Standard task for the `text-classification` option.

In [None]:
# An abstraction around models and NLP tasks.
classifier = pipeline('text-classification')

In [None]:
text_unacceptable = """
Not sure who to send this to, but I live in New York and I keep seeing four turtle-shaped
individuals entering the sewers from a manhole that I can clearly
see from my back window... sometimes accompanied by a huge rat!
This is not acceptable!
"""

text_awesome = """
Not sure who to send this to, but I live in New York and I keep seeing four turtle-shaped
individuals entering the sewers from a manhole that I can clearly
see from my back window... sometimes accompanied by a huge rat!
This is awesome!
"""

for text in [text_unacceptable, text_awesome]:
    print('Text:')
    print(text)
    print('Model ouptut:', classifier(text))
    print('\n')


## Named entity recognition

In [None]:
# The aggregation_strategy sets how words are grouped together
# to form single entities.
ner_tagger = pipeline('ner', aggregation_strategy='simple')

In [None]:
ner_text = """
I would like to notify you that the individual
Mr. Krang repeatedly tried to kidnap Dr. Baxter
Stockman from his house in Newark in order to
steal the blueprints for his particle accelerator,
which he intended to mount on his Harley Davidson
motorcycle.
"""

pd.DataFrame(ner_tagger(ner_text))

## Question answering

In [None]:
reader = pipeline('question-answering')

In [None]:
question = 'What does Krang want from Dr. Stockman?'

reader(question=question, context=ner_text)

In [None]:
question = 'Why does Krang want a particle accelerator from Dr. Stockman?'

reader(question=question, context=ner_text)

## Summarization

In [None]:
summarizer = pipeline('summarization')

In [None]:
summ_text = """
This book is the fruit of several decades of reading, teaching, and thinking about the intersections between literature, philosophy, and physics. Obviously that trajectory encompassed so many more writers, thinkers, and scientists than these three. So when the time came to wrangle the project into a book, the question became: How to organize it? Who are the best characters through whom to tell this story, and how many should there be?

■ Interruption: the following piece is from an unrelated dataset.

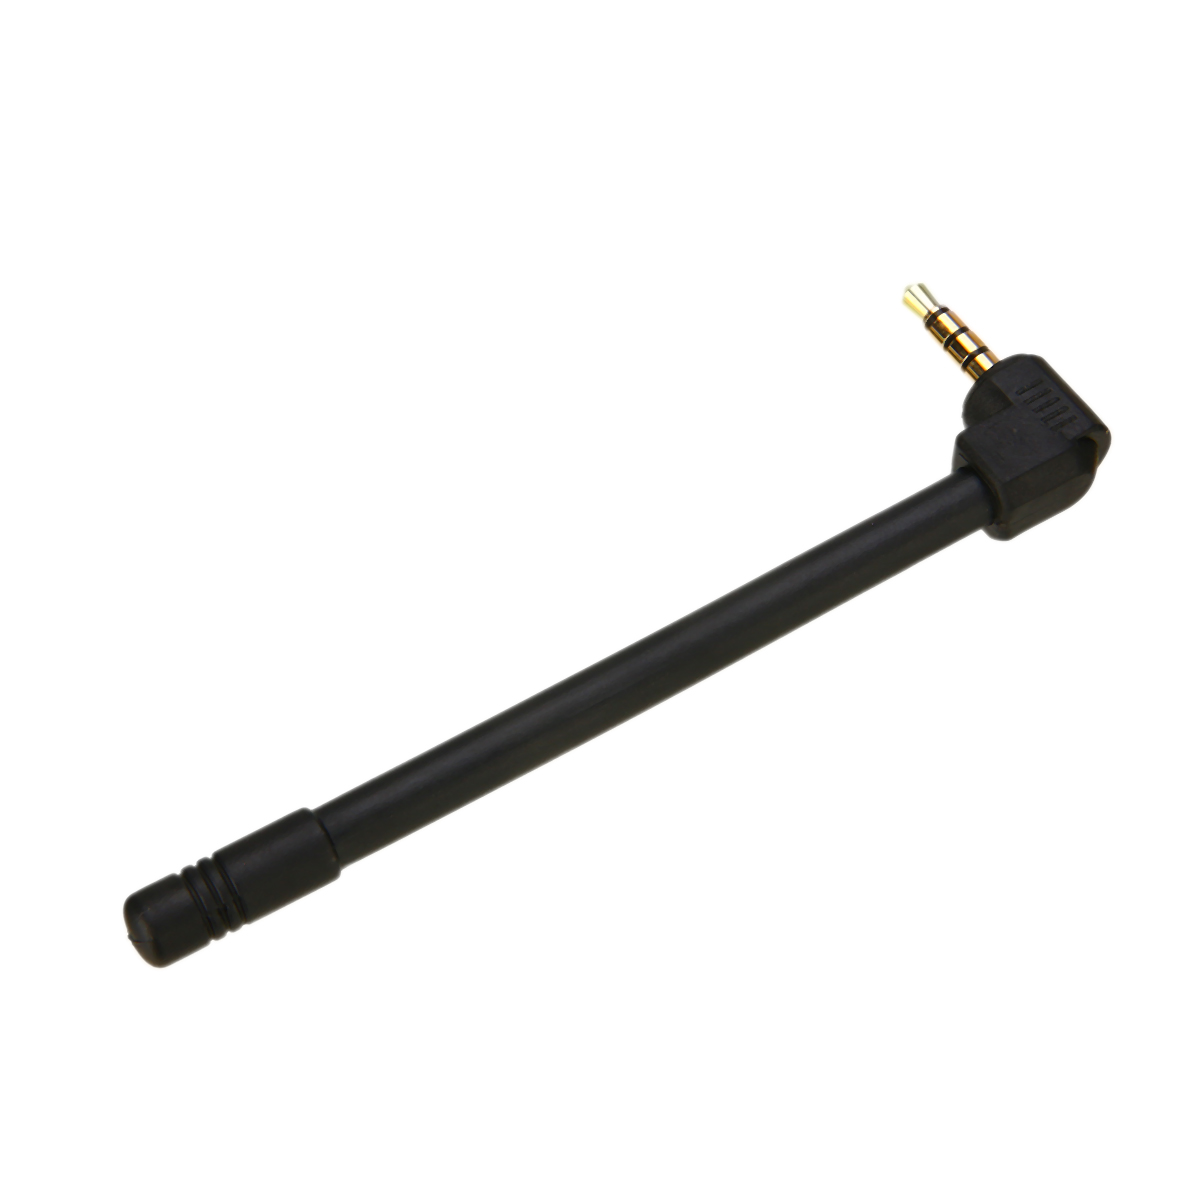 Universal For Mobile Phone External Antenna 3.5mm Male Wireless Antenna Signal Strengthen Booster 5DBI For GPS TV Accessories

My first stabs at a structure were more expansive. I liked the idea of telling stories about specific human beings and distilling their insights out of those stories. But at first there were simply too many stories there — I believe I outlined a 12-chapter book with a different central character for each chapter — and the book felt scattered, even if the core intellectual project was the same. After that I reigned it in, but perhaps a little too much.

I sketched out what would have been a literary biography of one man. It was Boethius, believe it or not, who still plays a minor role in one of the chapters. But Boethius was too far away historically from some of the major innovations of 20th-century physics that I wanted to engage with. Then it hit me. Some years ago, I had published a little article on what would become the topic of the book in The New York Times. It had three central characters: [Jorge Luis] Borges, [Werner] Heisenberg, and [Immanuel] Kant. They had been there all the time! Returning to those specific figures I realized that among them, they had all the elements I needed.

The core idea was always to show how thinking deeply about a problem can lead to profound insights independently of the specific field of the thinker. In other words, “soft” humanistic approaches can enlighten “hard” scientific ones, and vice versa. In these three I believed I had found my proof of concept, since reading Borges, and then using Kant to think through some of the questions provoked by Borges, had over the years led me to a deeper understanding of what Heisenberg had actually discovered than had just reading Heisenberg and explanations of his discovery.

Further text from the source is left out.